# PROVIDED MATERIAL

........

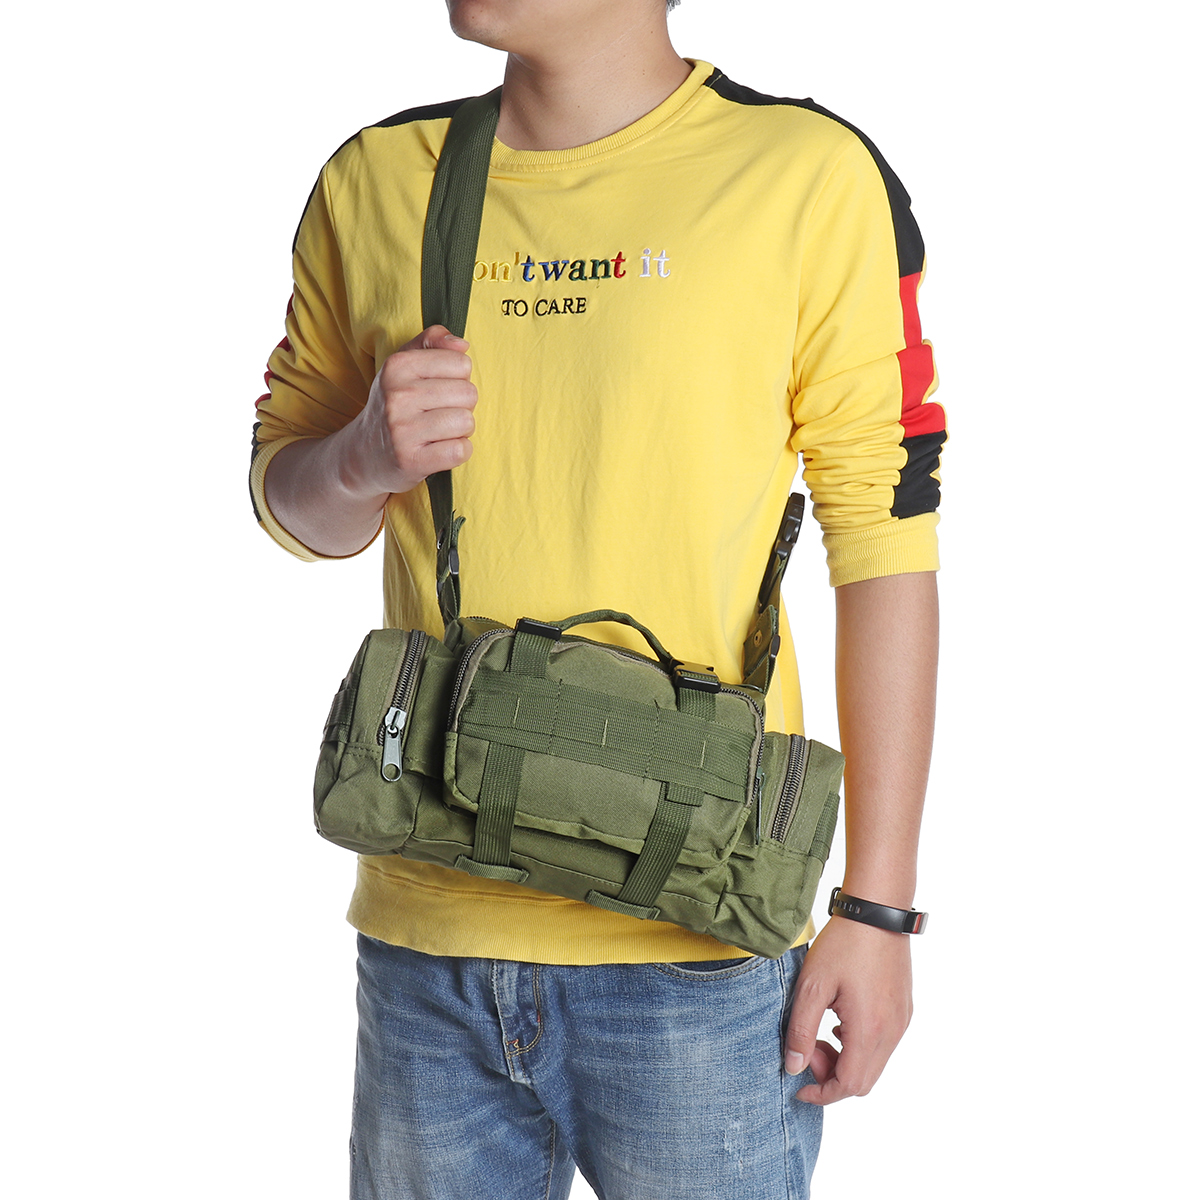 Multifunctional-Outdoor-Sports-Hiking-with-Zippers-Nylon-Oxford-Cloth-Tactical-Shoulder-Bag-Waist-Pa-1825563-28
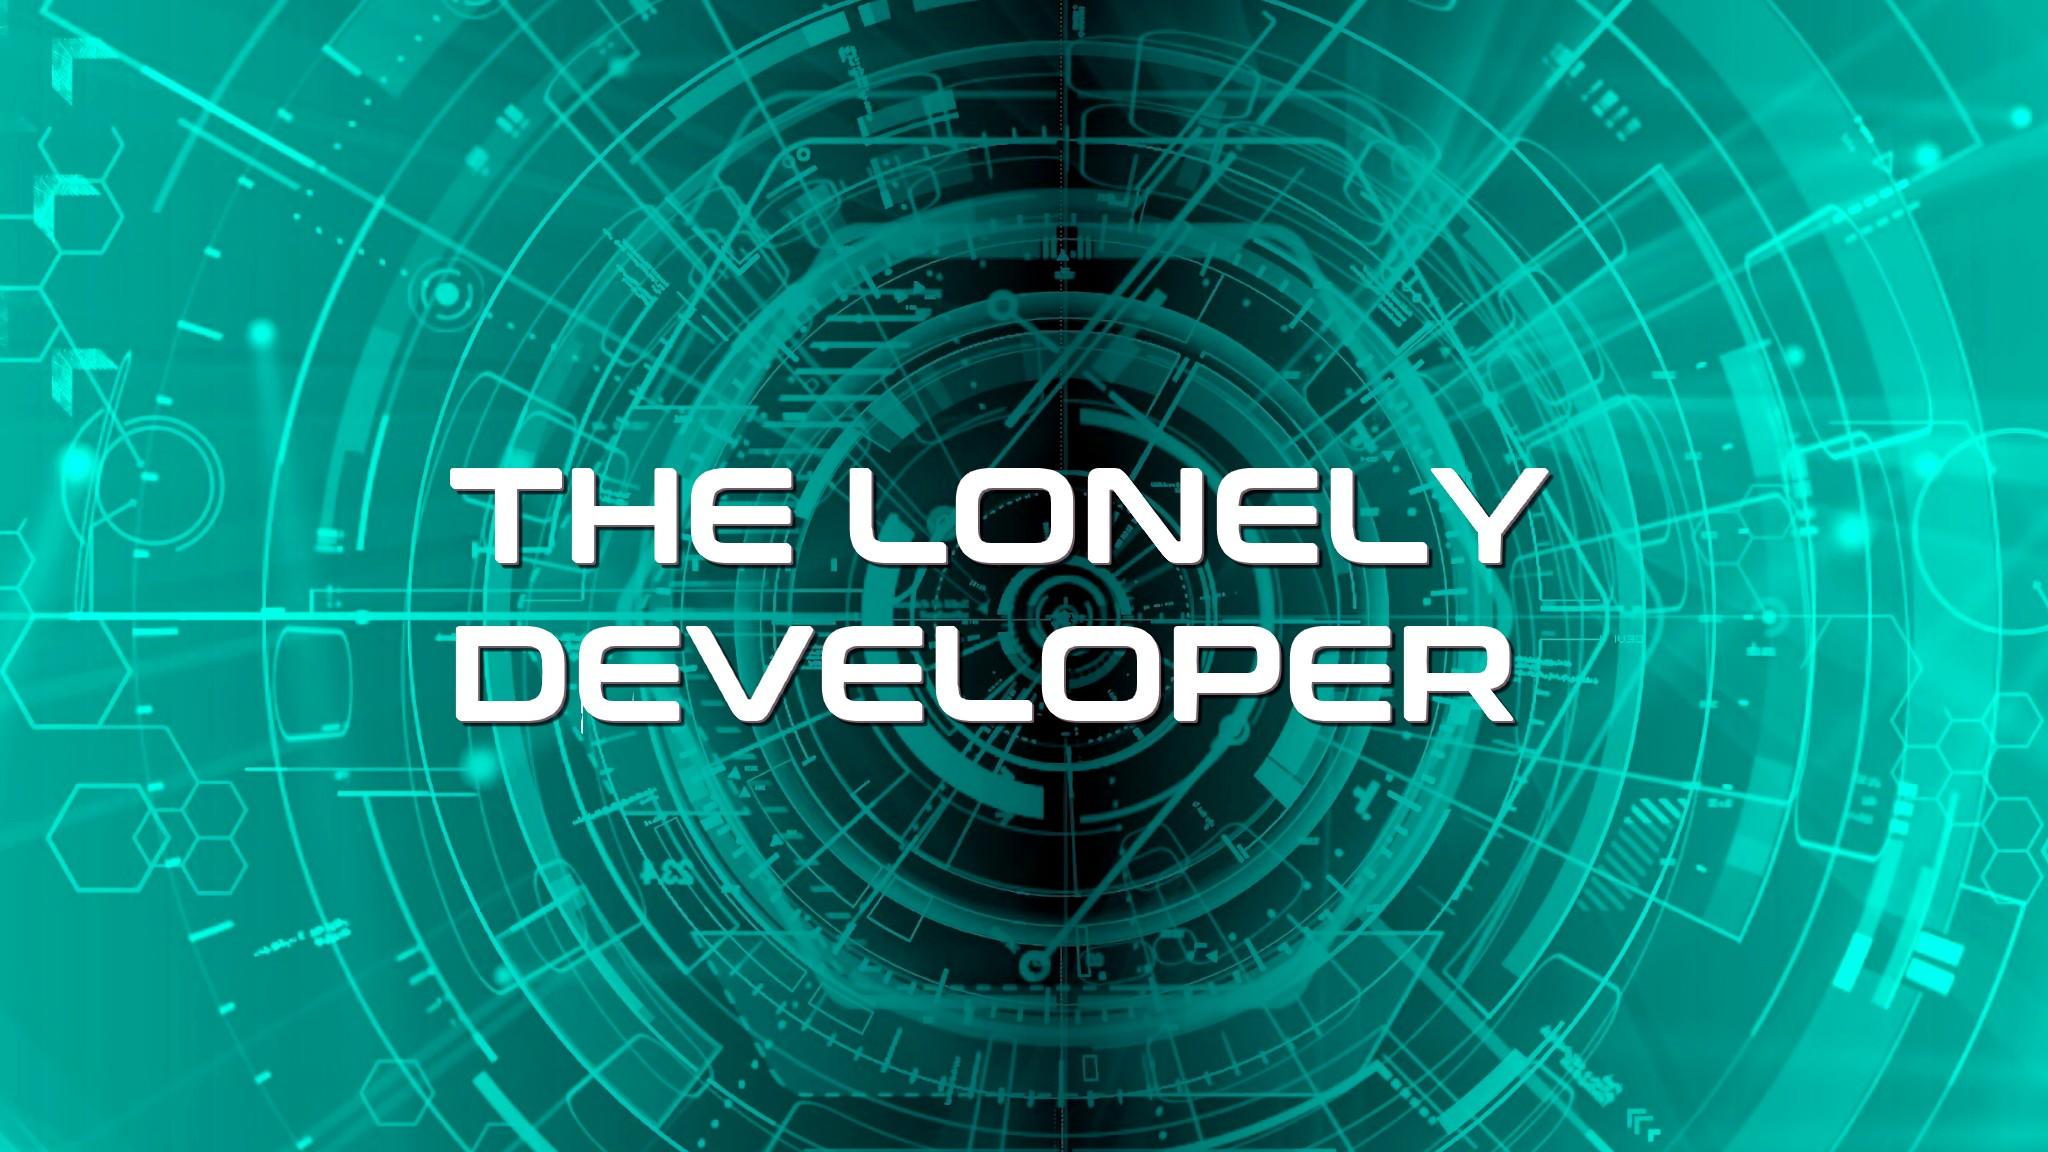 The Lonely Developer
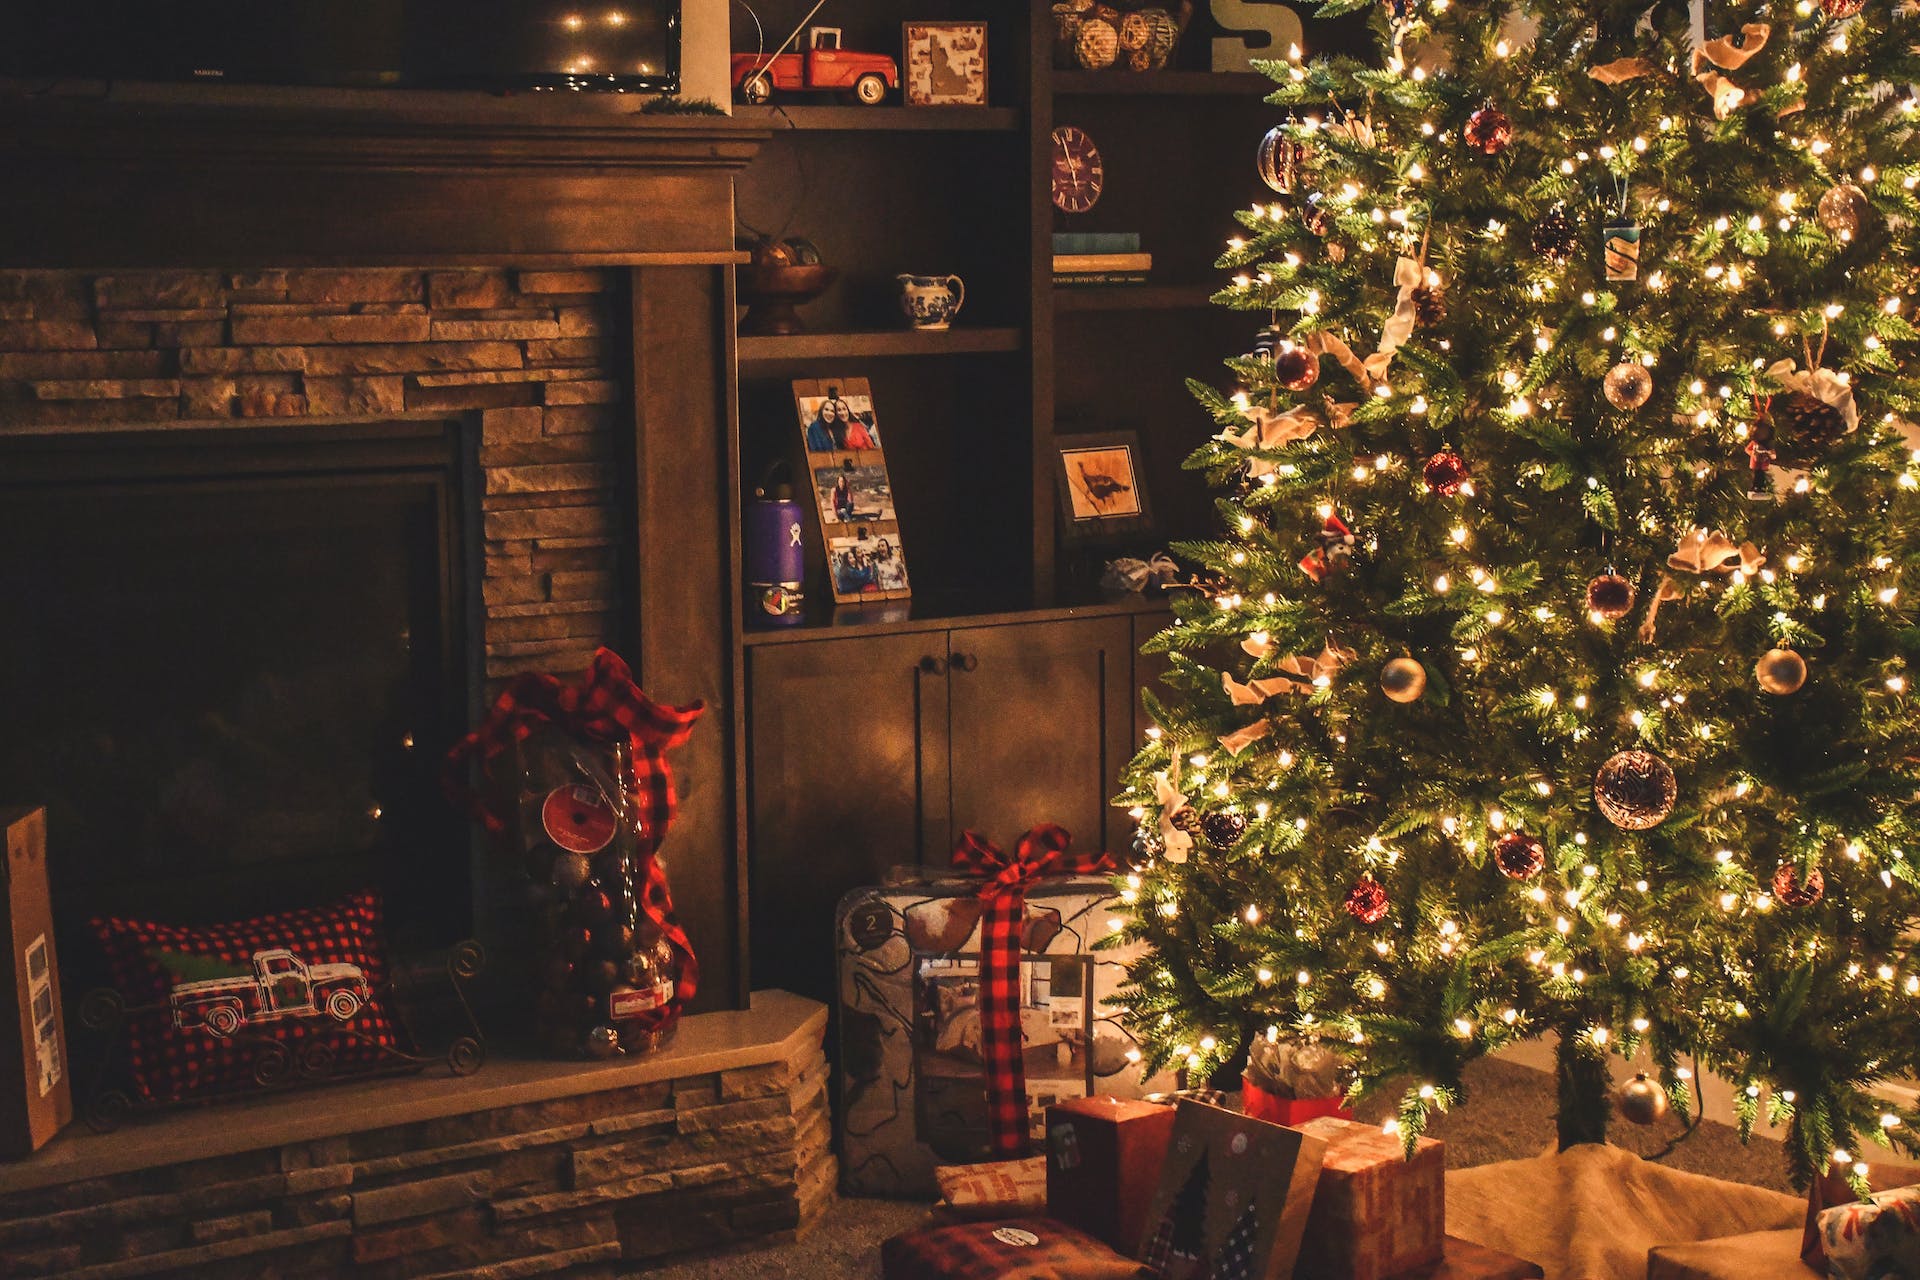 Christmas tree with presents. | Source: Pexels
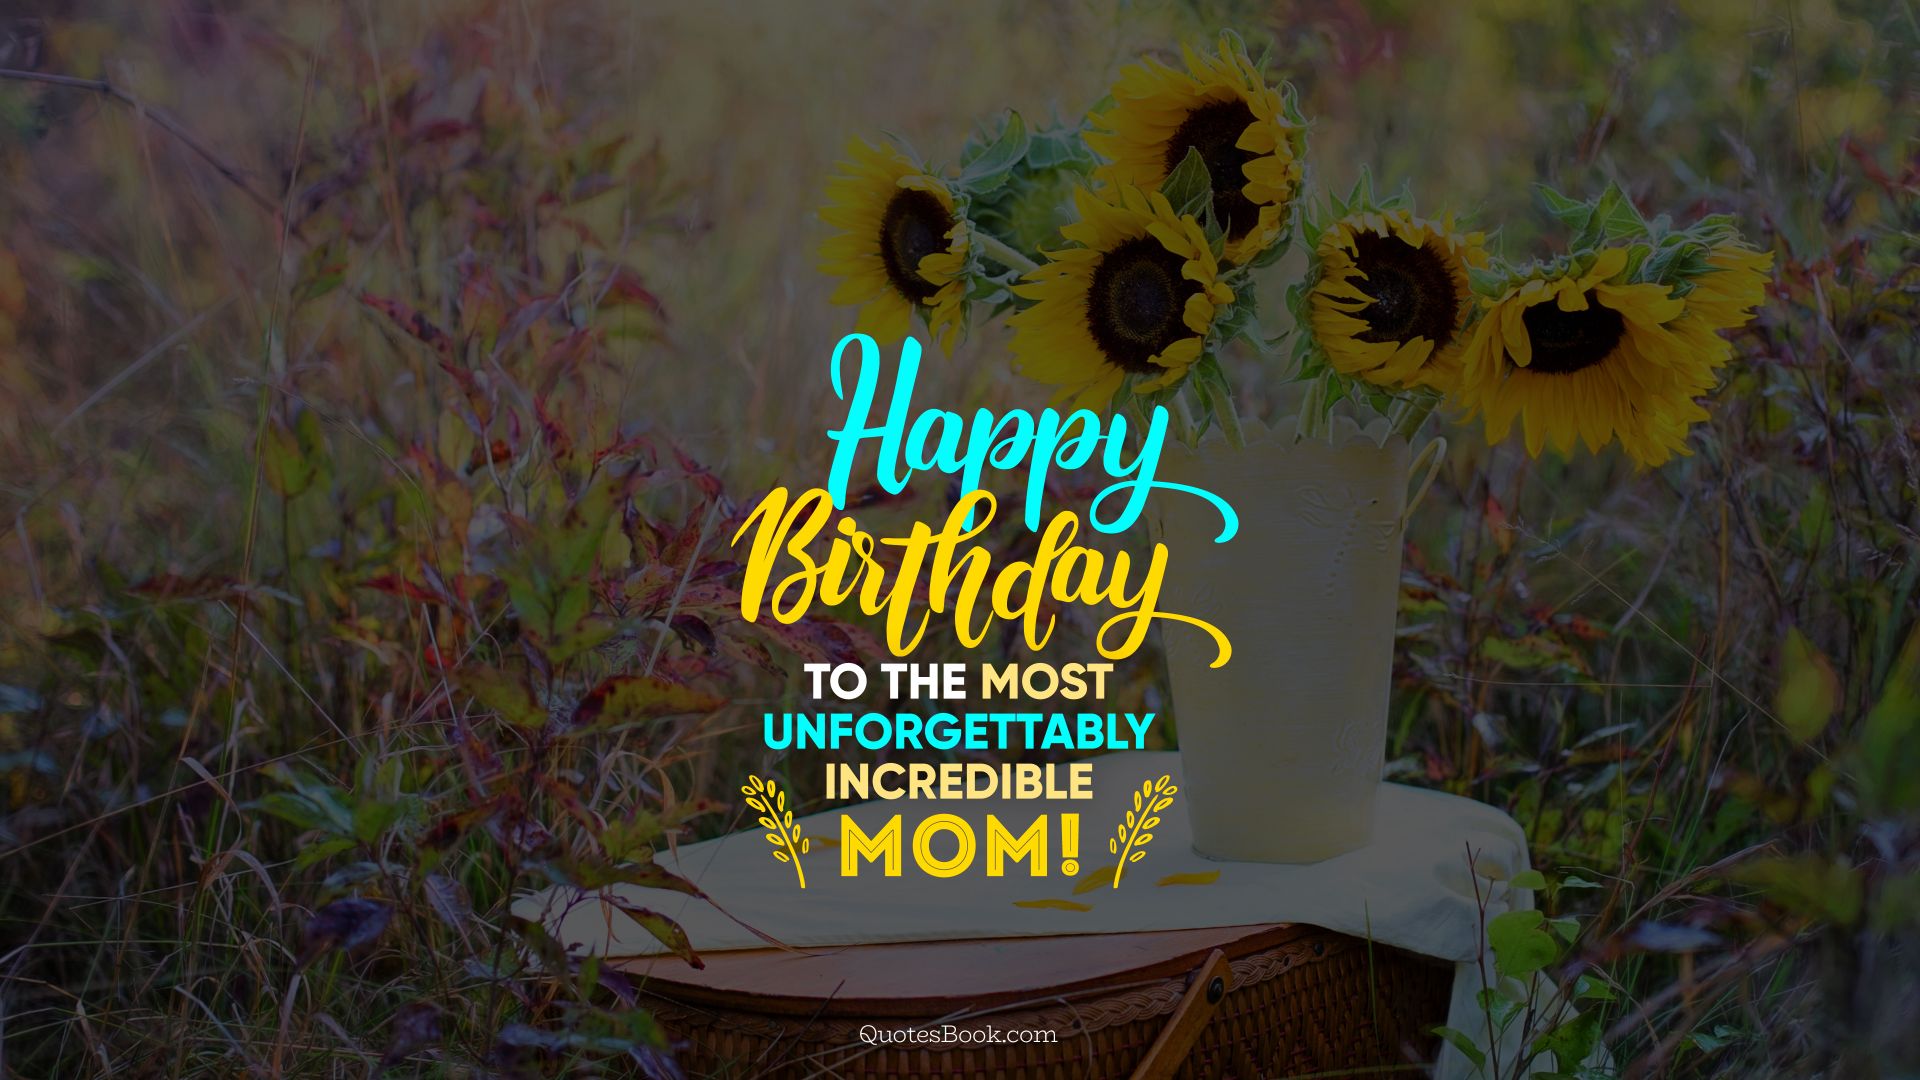 Happy birthday to the most unforgettably incredible Mom!

........

# THE PROBLEM
Copy the data above line for line, skipping every picture.

# OUTPUT
 Multifunctional-Outdoor-Sports-Hiking-with-Zippers-Nylon-Oxford-Cloth-Tactical-Shoulder-Bag-Waist-Pa-1825563-28
 The Lonely Developer
 Christmas tree with presents. | Source: Pexels
 Happy birthday to the most unforgettably incredible Mom!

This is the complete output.